Interestingly, the defeats and injuries suffered by France only further inflamed the idiotarian extremes of both these wings. Die-hard reactionaries (notably the L'Ordre Moral, and the pretender to the throne, Count de Chambord) took the defeat as God's punishment for the sin of failing to adopt the papal infallibility of Pope Pius IX. Secularists insisted that the losses were the result of betrayal of the Enlightenment thinkers who had created the Republic. Grace, whether divine or inspired by human creativity, was taken off the table. Again, as before, blood ran down the gutters, coloring the Seine red.

What is striking in this conflict is that as the tide of history rises against the clericals, they resort to more extreme and outlandish behavior, and ultimately, to an unprecedented degree of Hate-Mongering. After the misbegotten coup of 1889 led by the reactionary general, Georges Boulanger, the clericals sought to rally the public by claiming religious affiliation. Ironically, the means they adopted was to launch an anti-Semitic campaign. Thus, the attention of the world was diverted from the crimes, corruption and incompetence of the French rulers and military -- which had NO Jews (except for draftees and a jr. officer, Captain Dreyfus) -- to the fictions and false accusations made against shopkeepers and cobblers, the Jews. The hate-mongering took the forms of false charges against Dreyfus (blaming a Jew for the collapse of the French Army), the virilent fiction of the "Elders of Zion", etc.

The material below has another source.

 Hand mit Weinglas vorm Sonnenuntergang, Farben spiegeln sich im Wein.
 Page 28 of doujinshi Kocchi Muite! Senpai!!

The take-away point today is that we see the reactionaries now taking the same course -- in response to the rise of Obama liberals, the conservatives resort to hate-mongering and the scape-goating of blacks and Jews (compare, Dreyfus Affair). The Conservatives -- the true Conservatives -- should not do this. However, it is irresistable to the royal houses trying to stay in power and fearing the anger of the mob should the public ever demand an accounting.